A pesar de los discursos que tratan de mantener la sumisión de las mujeres, lo cierto es que surgían conflictos y desavenencias que hacían que la convivencia conyugal pudiera resultar bastante difícil. García Mazo (1839: 280) expone gráficamente las dificultades que podían atravesar las parejas, las cuales incluso se acrecentaban por el hecho de que la indisolubilidad del matrimonio impedía cualquier solución: “Vivir en paz. Esta es la mas dificil de cumplir, pero la mas necesaria. Es la mas dificil, porque así como no se encuentran jamas en el mundo dos personas enteramente iguales, así tampoco se encuentran jamas en el matrimonio dos genios enteramente iguales, y la paz del matrimonio será tanto más dificil, cuanto mas se diferencien los genios, llegando á ser como imposible si los genios son encontrados. Es también la mas necesaria, porque un matrimonio sin paz es un infierno. La presencia continua de dos
personas que se tienen aversion, junta con el pensamiento de que no se pueden separar sino por la muerte, lleva la pena hasta un punto que no es posible esplicar. Verse en la necesidad de vivir siempre juntas con quereres encontrados; no poder dejar de tratarse y aborrecer este trato; estar siempre luchando los dos genios y no ver fin á esta lucha; habitar, comer y dormir juntos, los que ni aun verse quisieran… ¿puede darse mayor infierno en este mundo?”

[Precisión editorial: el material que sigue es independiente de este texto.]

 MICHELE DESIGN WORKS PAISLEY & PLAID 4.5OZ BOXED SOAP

Aunque los matrimonios no podían separarse, lo cierto es que, como señalaba el obispo de Pamplona, a menudo, sí lo hacían, yendo contra lo dispuesto por la Iglesia. Entonces, la labor del párroco pasaba por restaurar la vida en pareja y si no lo conseguía debía recabar ayuda a sus superiores: “Otros casados por lo que llaman antipatía, y en realidad por su genio y por su gusto, se dividen, y se mantienen asi contra lo que les manda y obliga la ley del matrimonio. Celará el Parroco, y respectivamente promoverá la santa union, procurando por todos los medios suaves, que llenen su deber; y si no basta ó lo trajesen entretenido, dará cuenta de todo al Fiscal eclesiastico ó al Provisor para el remedio” (Uriz, 1827: 50).

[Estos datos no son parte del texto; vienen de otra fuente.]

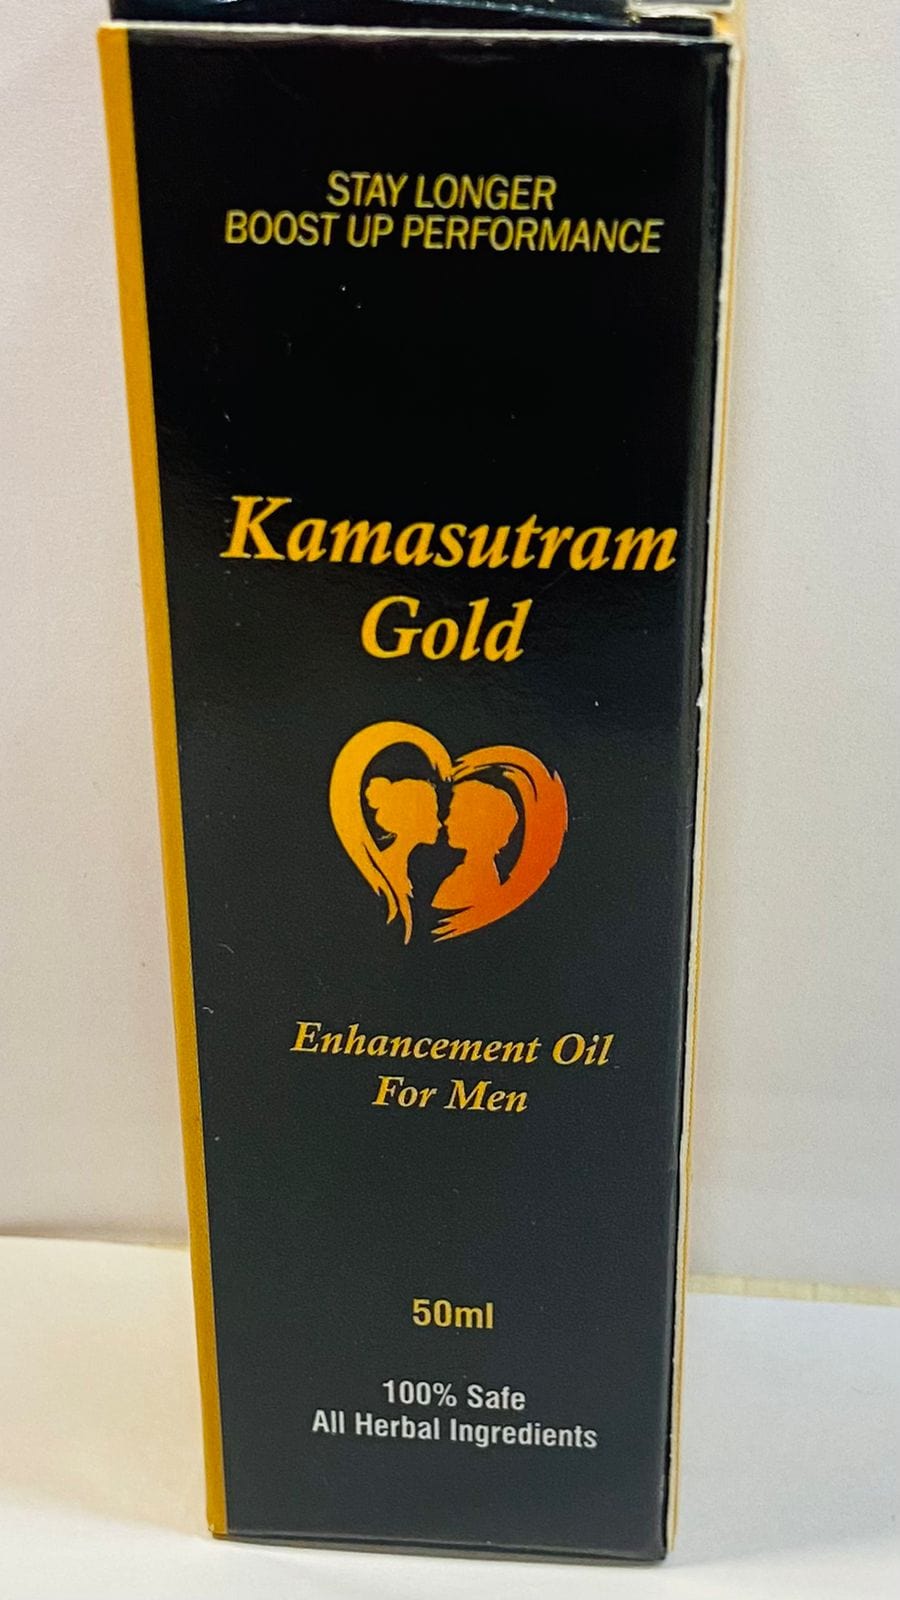 GUDHEALTHY Kamasutram Gold Oil - Stamina Oil for men

Así, pues, la familia modélica propugnada por la Iglesia católica no siempre encontró acomodo en la realidad. De ahí que hubiera que redoblar los esfuerzos tanto en el plano ideológico, en el que se habría de seguir insistiendo en los fundamentos cristianos de la familia, como en la vida cotidiana, donde el clero habría de intentar que prevaleciera ese modelo de familia que defendían las autoridades eclesiásticas. Y en sus pretensiones chocaría con la sociedad y, en buena parte del siglo, con las autoridades políticas y los grupos dirigentes aunque, al final, se produjera un encuentro con estos últimos.